▶ _YOUR TASK_: An exact copy of the records is needed; please leave the images out.

▶ _DATASET EXCERPTS_:
● ● ● ● ● ● ●

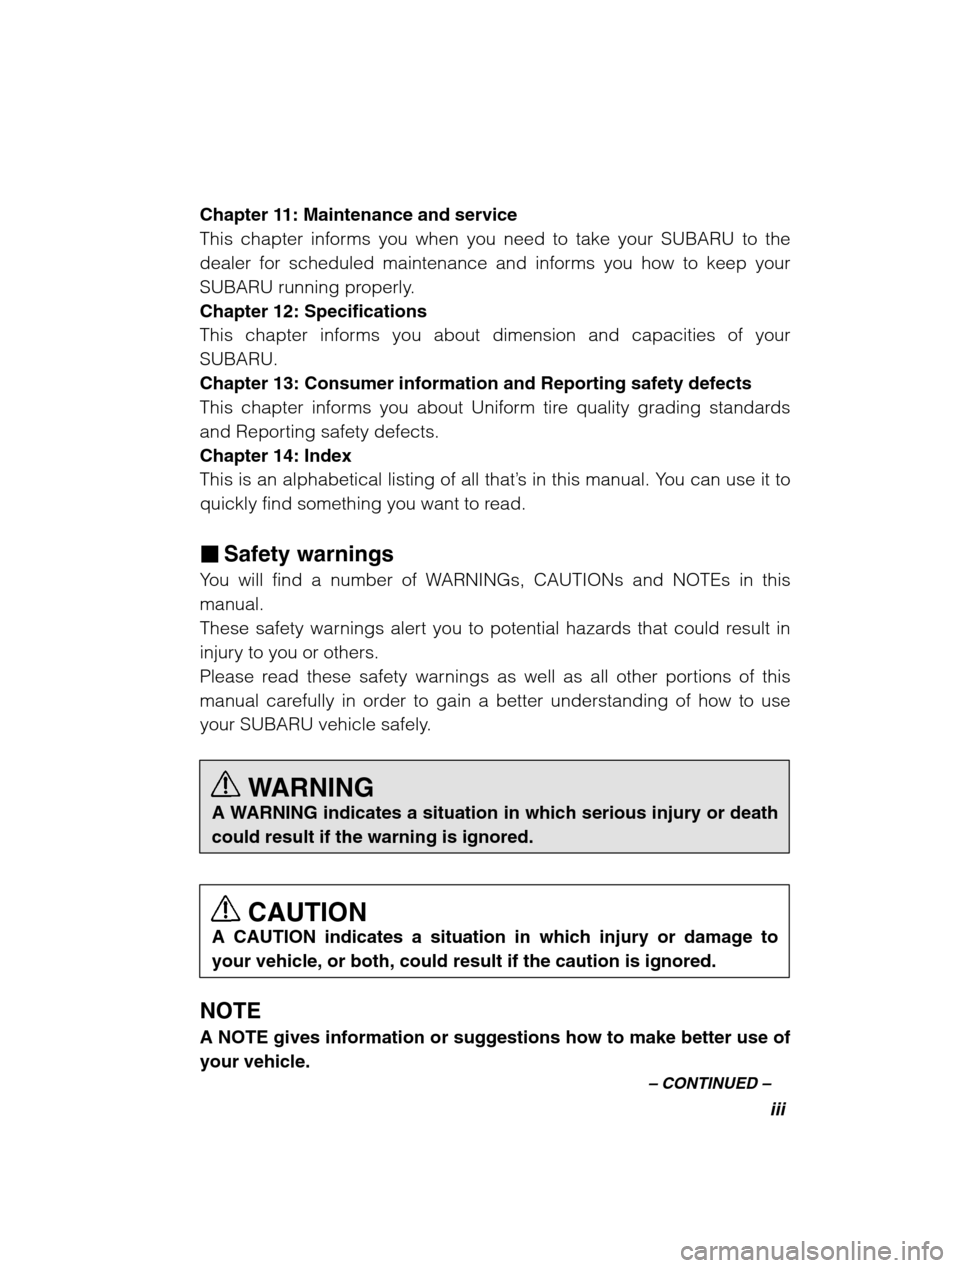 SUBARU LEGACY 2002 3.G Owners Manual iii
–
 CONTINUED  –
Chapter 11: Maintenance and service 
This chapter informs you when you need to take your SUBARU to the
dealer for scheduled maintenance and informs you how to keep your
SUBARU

● ● ● ● ● ● ●

▶ _YOUR SOLUTION_:
 SUBARU LEGACY 2002 3.G Owners Manual iii
–
 CONTINUED  –
Chapter 11: Maintenance and service 
This chapter informs you when you need to take your SUBARU to the
dealer for scheduled maintenance and informs you how to keep your
SUBARU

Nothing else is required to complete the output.